Torregiani described the process as a tenant looking for a new home as a “full-time job.” She says it’s stressful. In her experience, she said the listing photos were sometimes misleading and the landlord’s lease requirements were unfair. In one case, the landlord asked to speak to references before allowing him to view the unit.

Torregiani said demand for rentals in Kamloops is high. In one instance, she was one of 80 people selected to view a unit and had been viewed 800 times online.

Torregiani said she thinks she would be the perfect tenant because she doesn’t smoke and doesn’t have pets. She said she felt for other people trying to compete for rentals with various caveats.

Torregiani lived in Vancouver for 25 years before moving back to Kamloops seven years ago and has been renting ever since. When she returned home, she expected to save about a third or half of the rent paid in Vancouver.

City and TRU have an eye on housing issues

The city’s social, housing and community development manager, Carmin Mazzotta, said K.T.W. CMHC’s most recent vacancies figures are extremely concerning.

He said a healthy threshold is between three and five percent. Mazzotta said the situation is compounded by recent reports of current and projected housing supply gaps across the country and a crisis in housing affordability.

As of the 2016 census, 47% of tenant households in Kamloops lived in unaffordable housing. The 2021 census data has not yet been released. However, Mazzotta said he expects that number to have increased over the past five years.

Regarding the city’s response to housing issues, Mazzotta said the city continues to waive development fees on nonprofit rental housing or provide funds from an affordable housing reserve to support affordable units in new developments, parking reductions for affordable housing and social housing. He said the city also continues to work with BC Housing through a memorandum of understanding to support the development of shelters, supportive housing and affordable rental housing.

Thompson Rivers University, meanwhile, is actively trying to increase its supply of student housing in Kamloops. Students have recently struggled to find accommodation in the city, due to limited availability.

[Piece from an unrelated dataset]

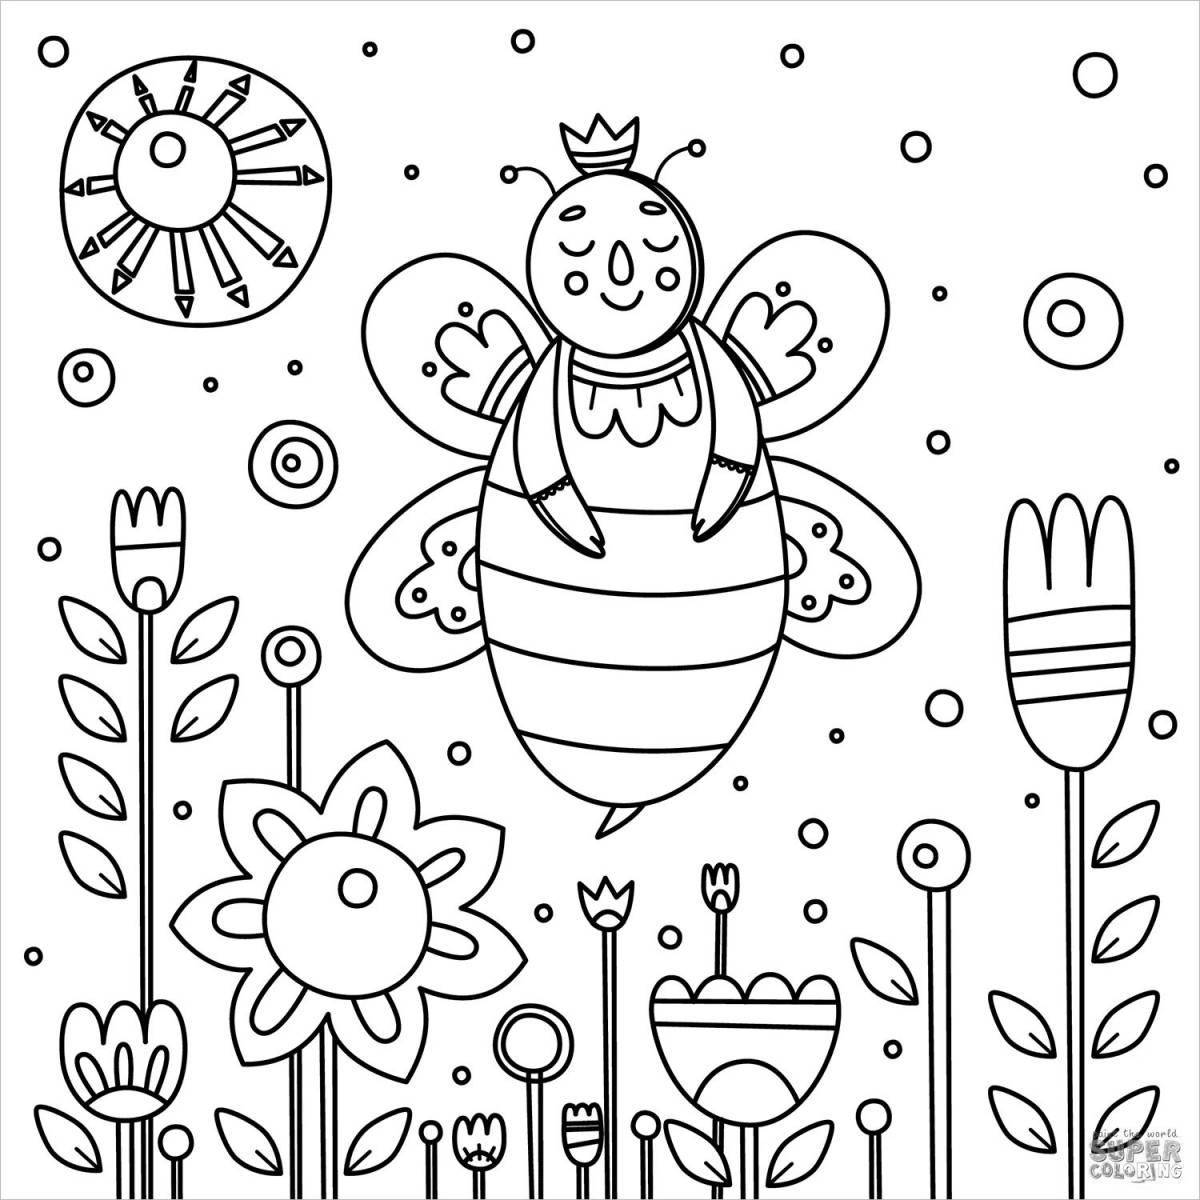 Wonderful bee coloring book for children 6-7 years old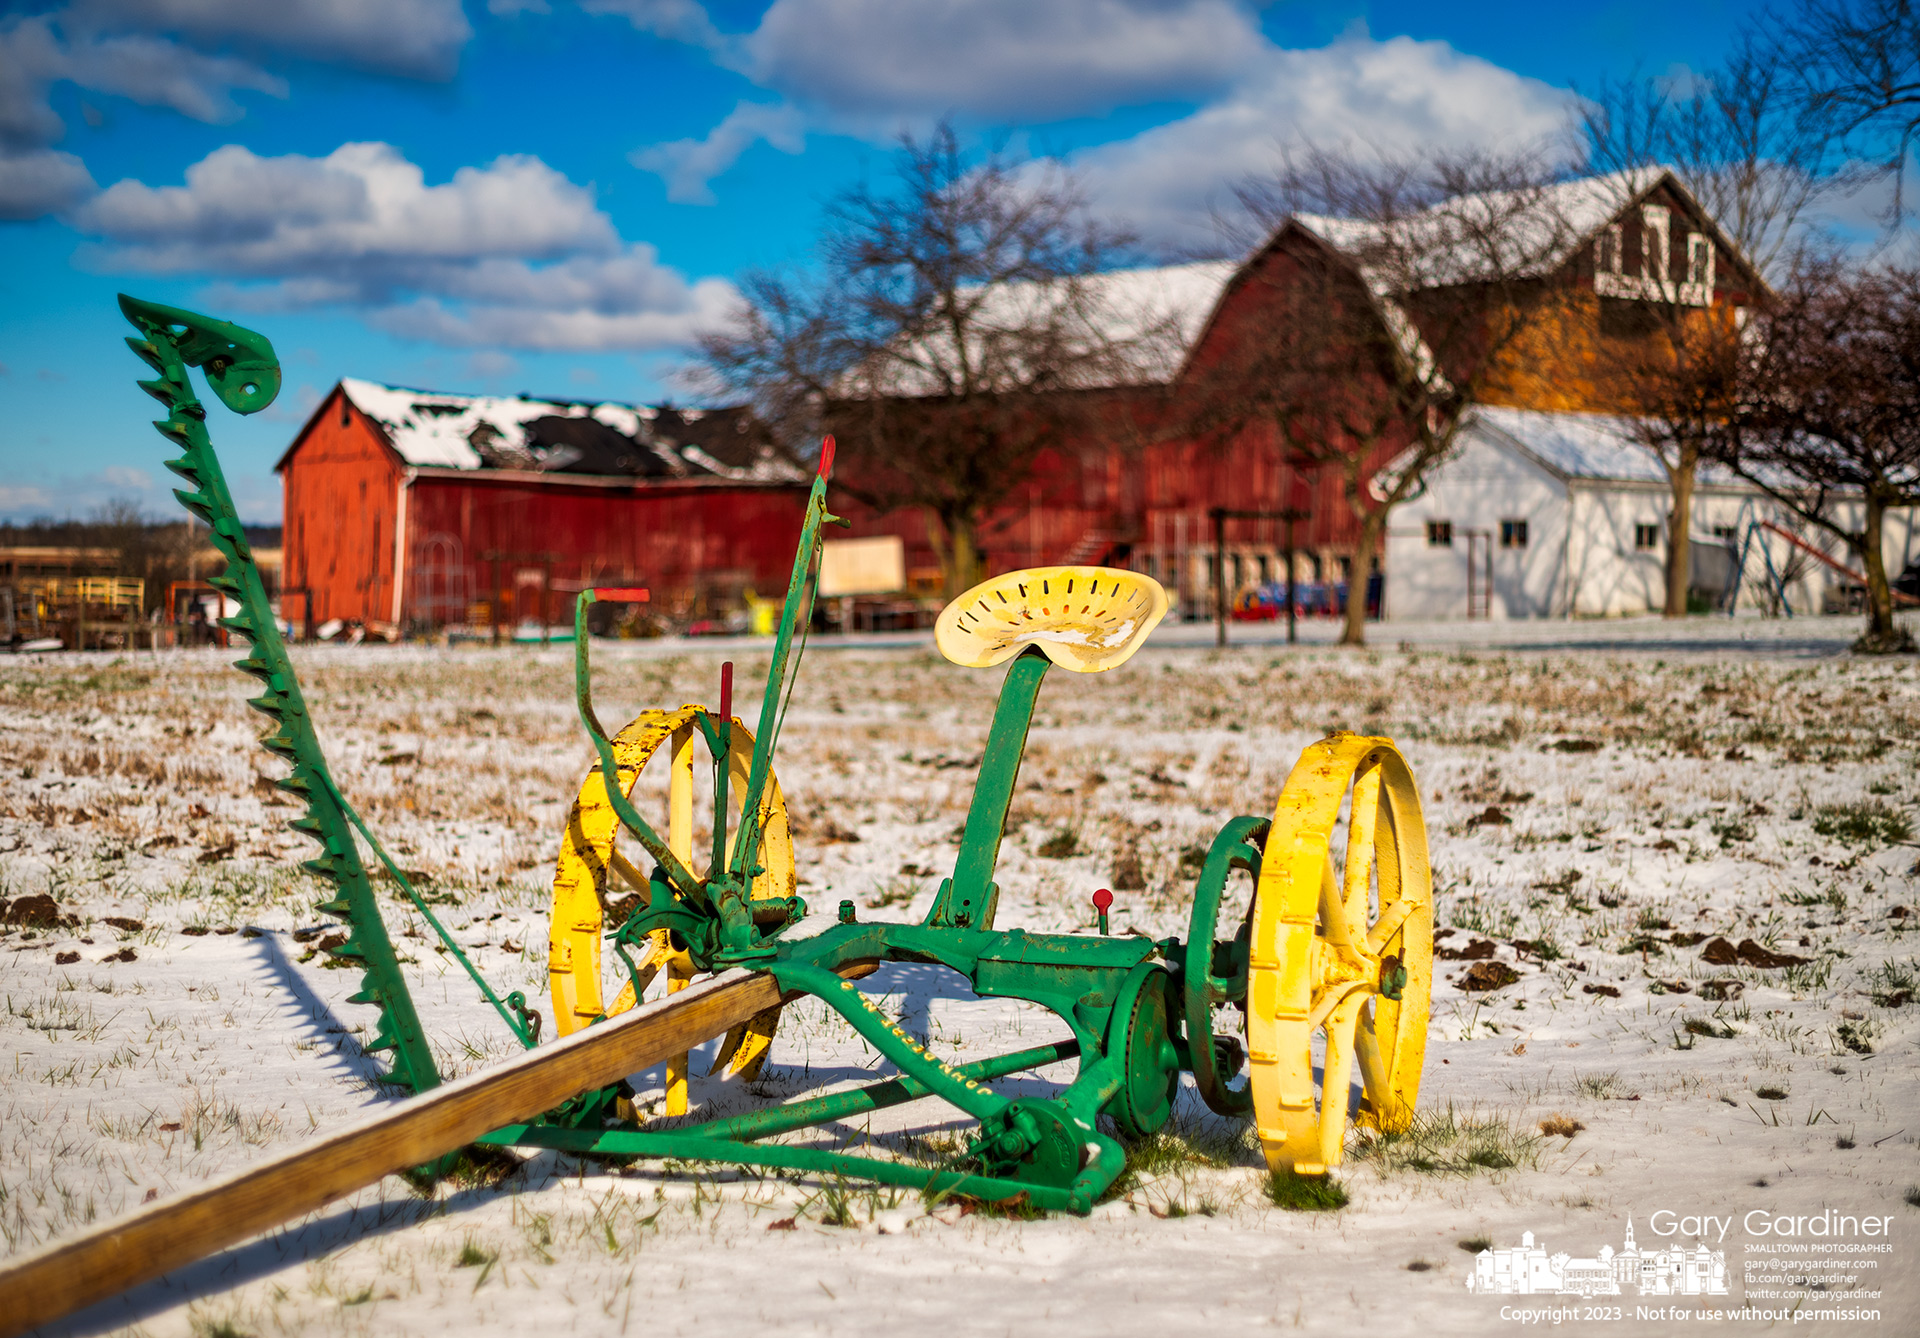 The morning sun casts a bright sharp light over an antique sickle mower sitting at the edge of a snowy garden and field at the Yarnell Farm on Africa road. My Final Photo for March 14, 2023.

The university added 114 temporary modular housing units last winter and has pledged to maintain them until the end of April 2023. The council also recently approved a development permit for a student accommodation complex of 80 units on Summit Drive.

Development in this area could include up to three student accommodation buildings. TRU spokeswoman Michelle Nordstrom said K.T.W. by email, on-campus housing is in high demand for the 2022-2023 academic year, and TRU encourages students to apply or join waitlists, if they have not already obtained housing.